● Given material
* * *
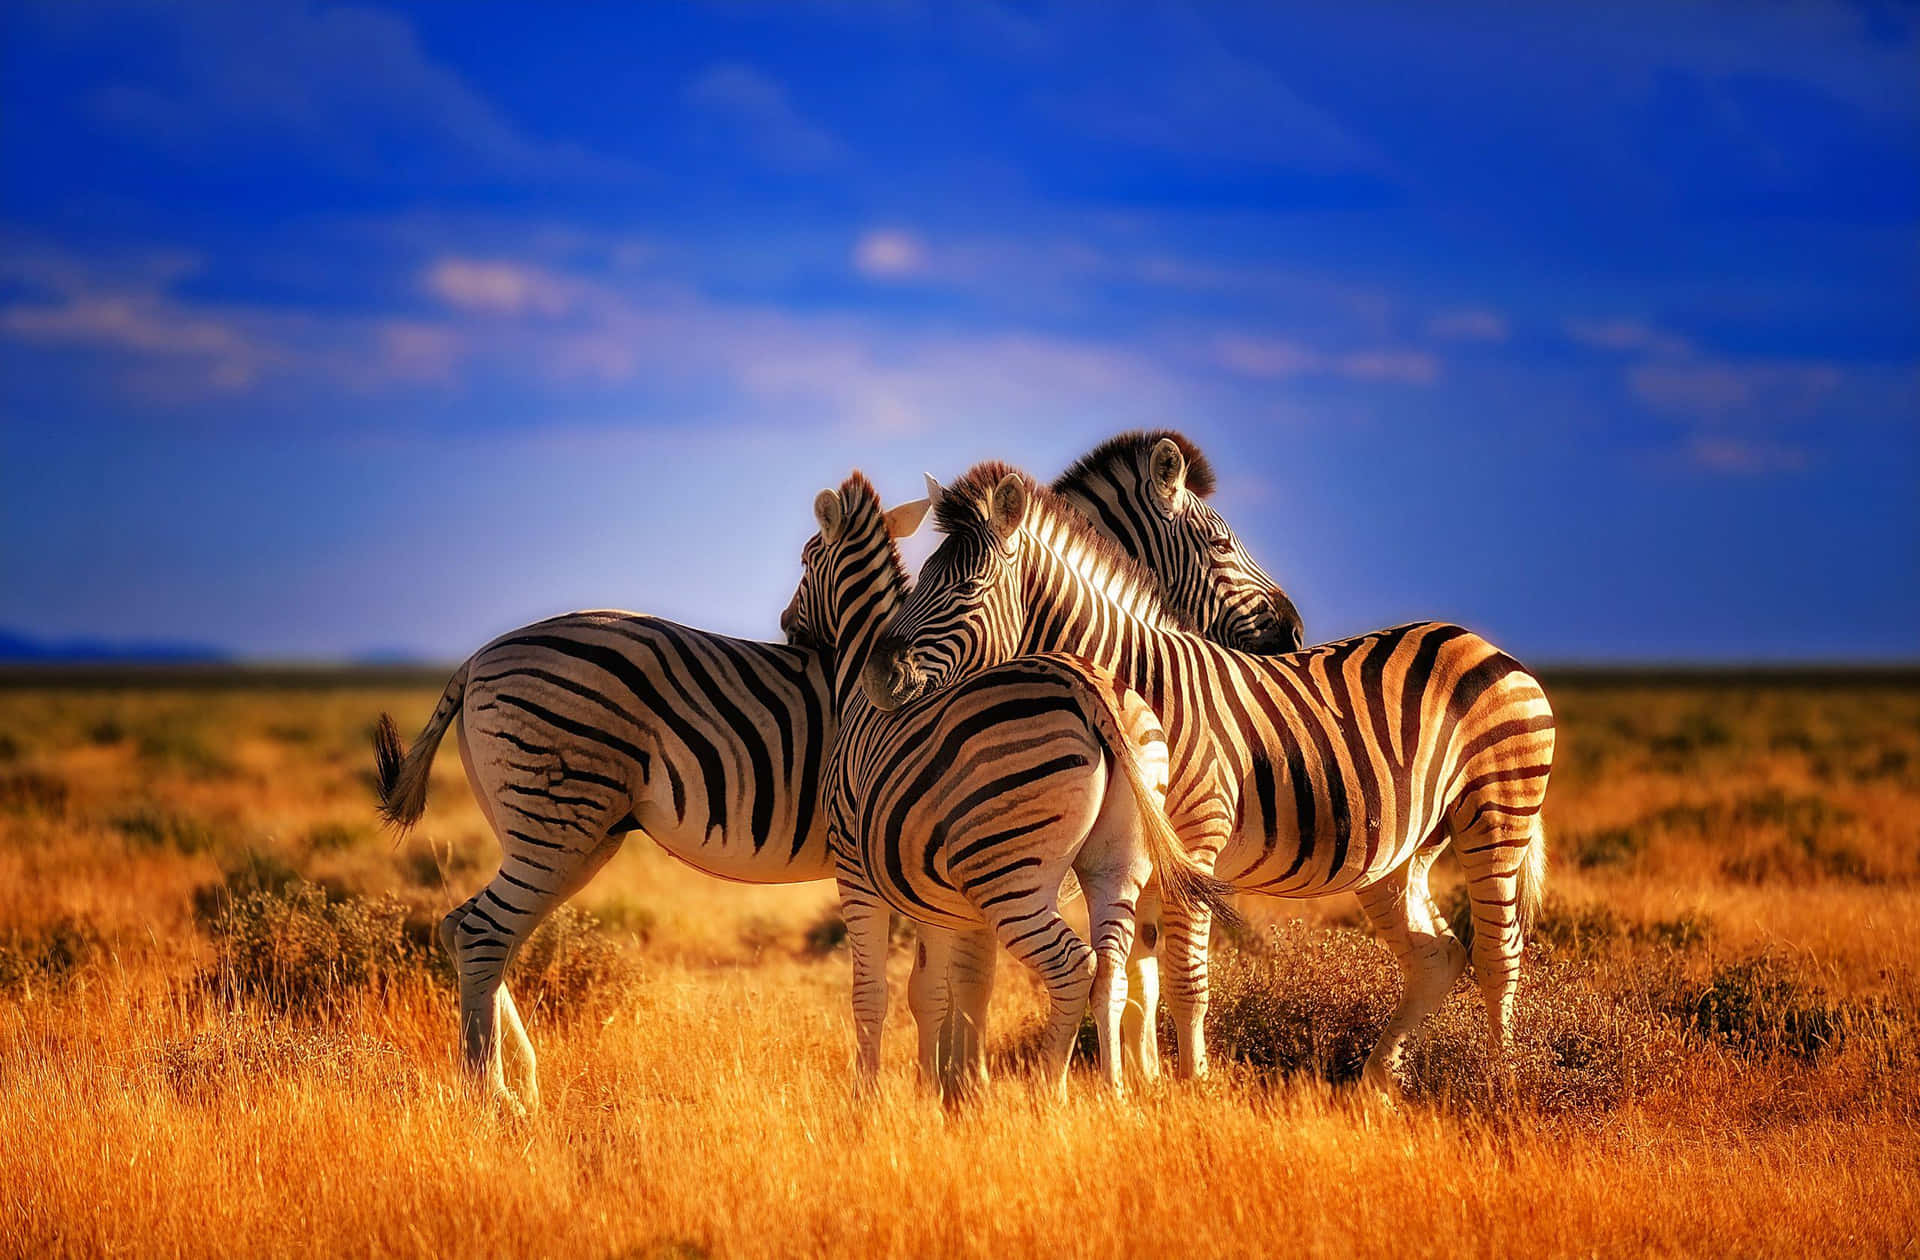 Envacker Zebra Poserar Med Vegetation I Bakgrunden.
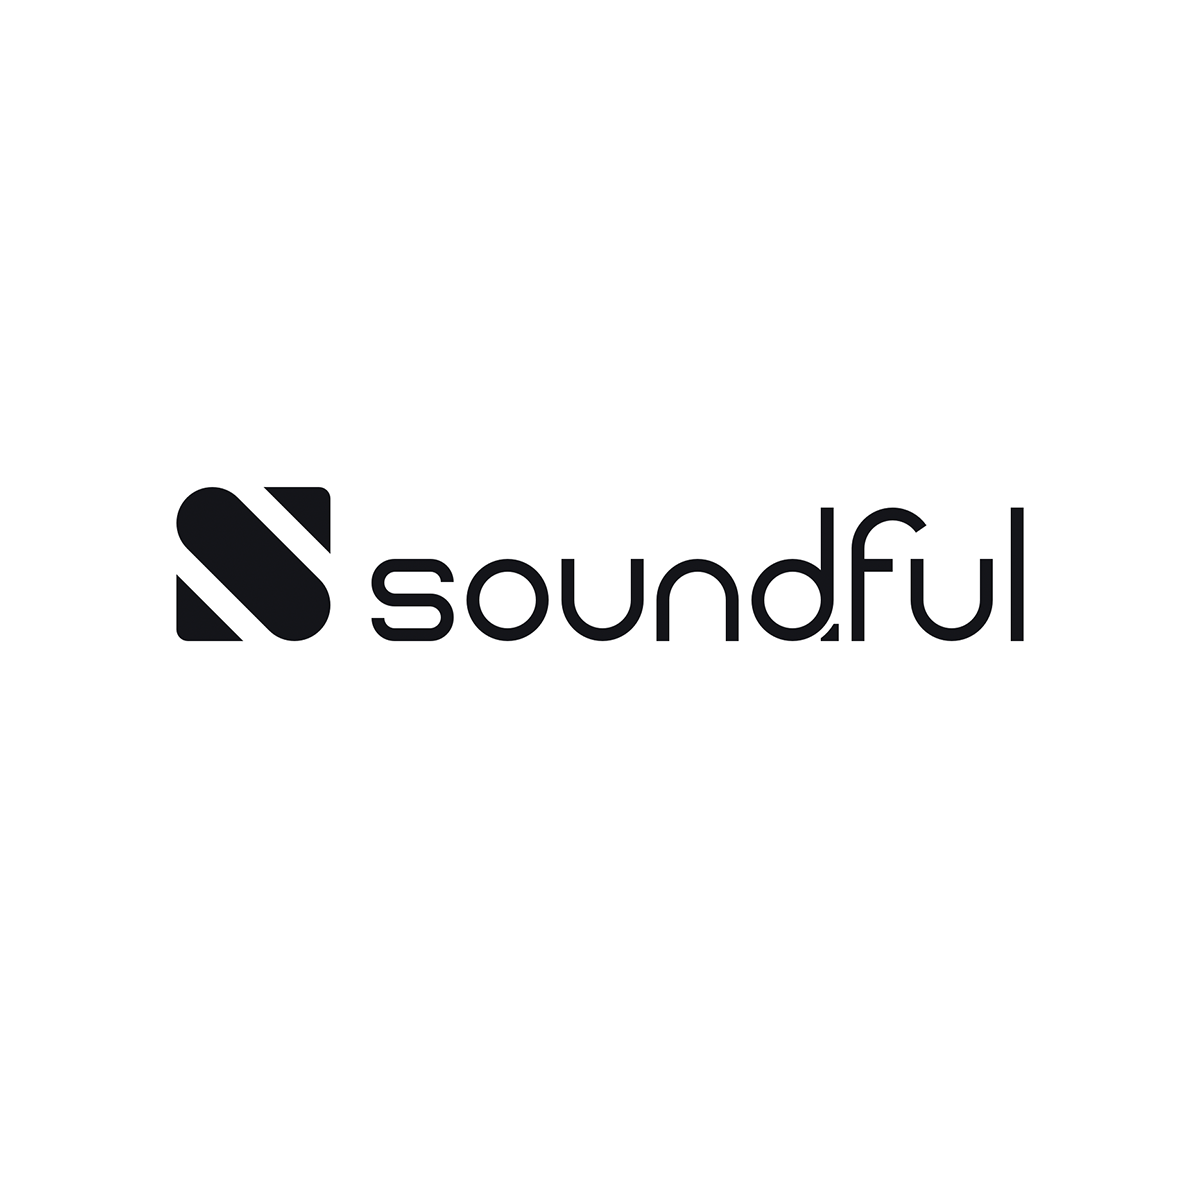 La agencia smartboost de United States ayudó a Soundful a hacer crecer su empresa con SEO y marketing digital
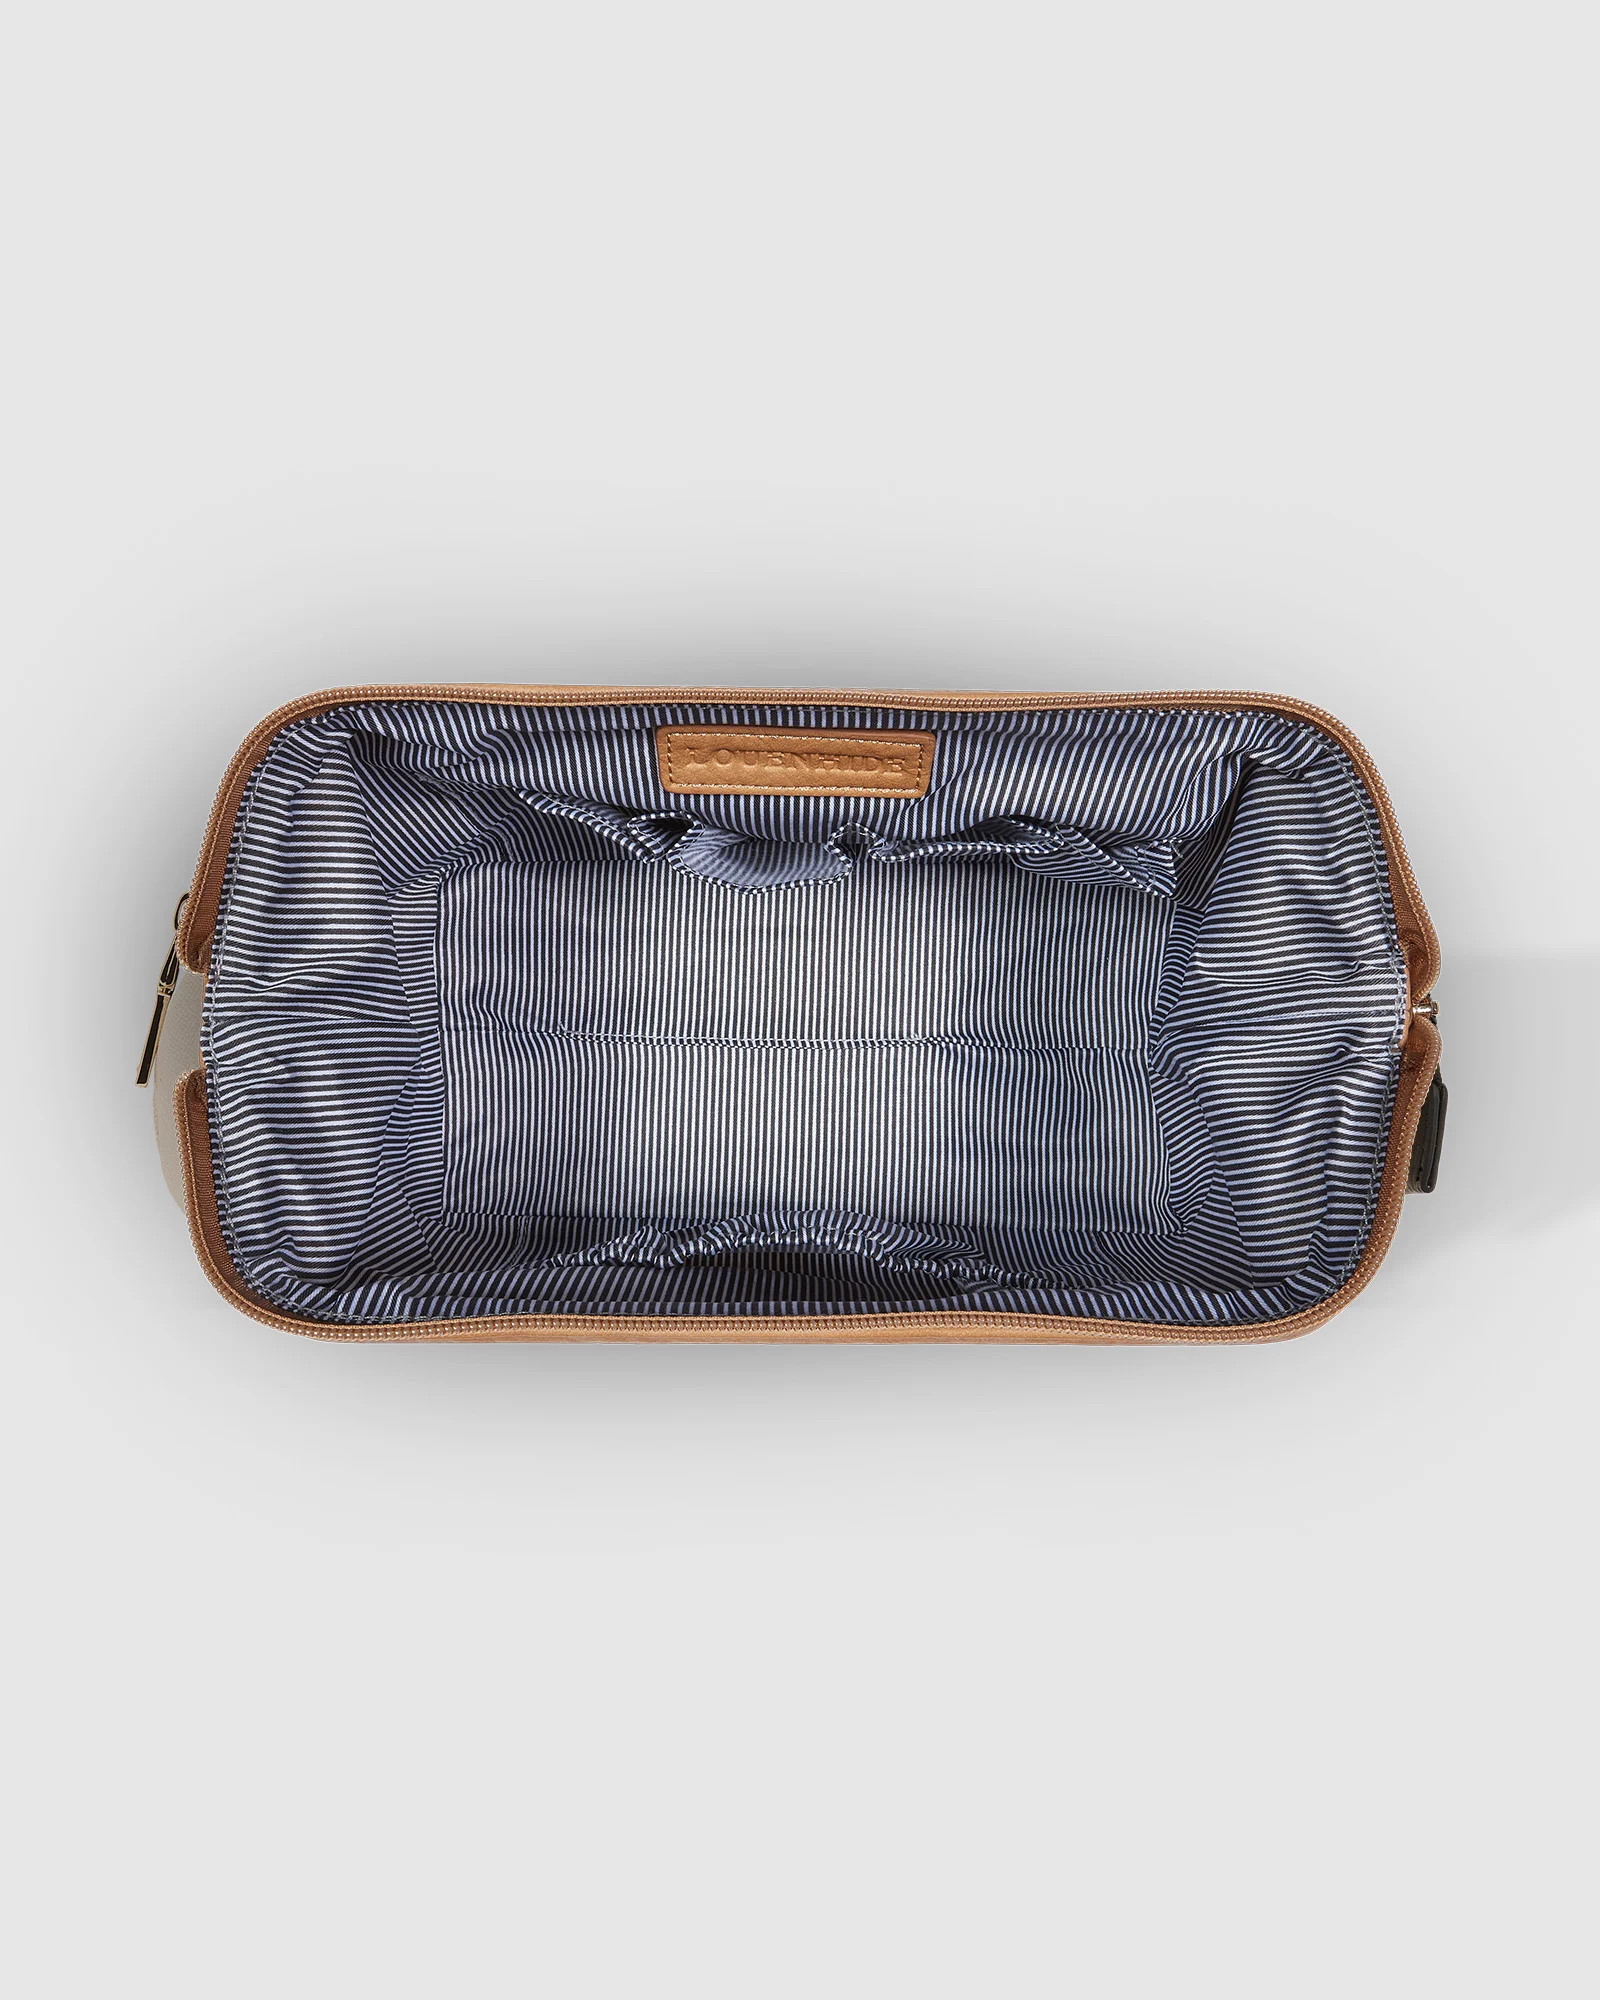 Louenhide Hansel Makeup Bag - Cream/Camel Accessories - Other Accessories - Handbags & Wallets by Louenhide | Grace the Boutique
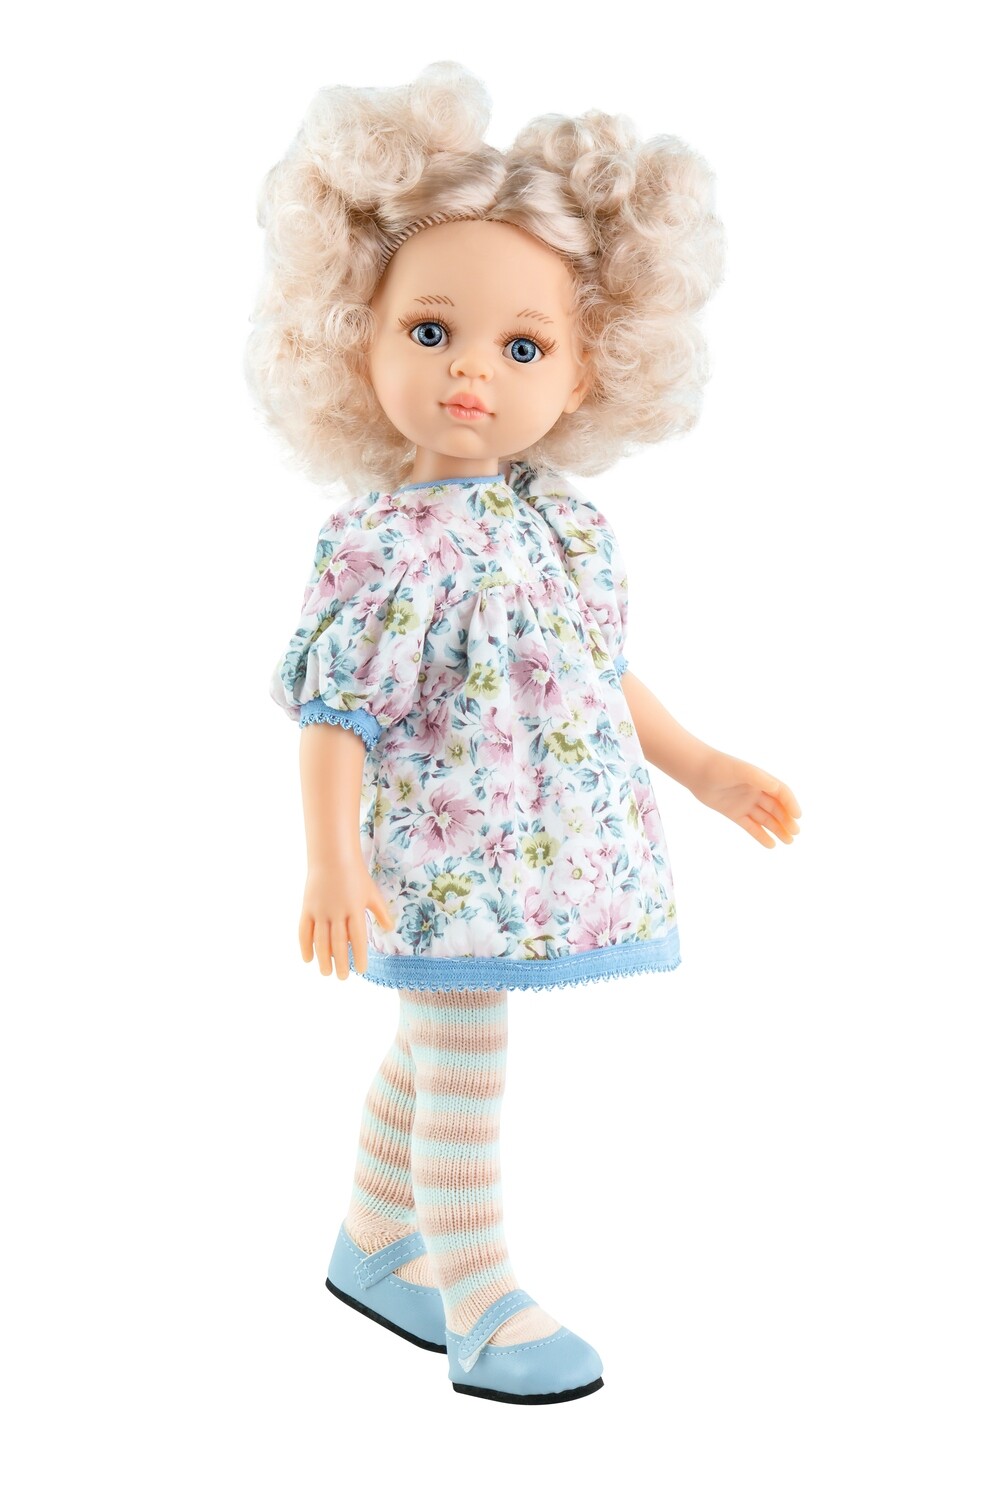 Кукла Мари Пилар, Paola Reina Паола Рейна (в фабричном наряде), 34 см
* * *
● Task to complete
Leave every picture out and copy precisely the lines from the one containing "La agencia smartboost" through the last line of the data above, both ends included.

● Response area
 La agencia smartboost de United States ayudó a Soundful a hacer crecer su empresa con SEO y marketing digital
 Louenhide Hansel Makeup Bag - Cream/Camel Accessories - Other Accessories - Handbags & Wallets by Louenhide | Grace the Boutique
 Кукла Мари Пилар, Paola Reina Паола Рейна (в фабричном наряде), 34 см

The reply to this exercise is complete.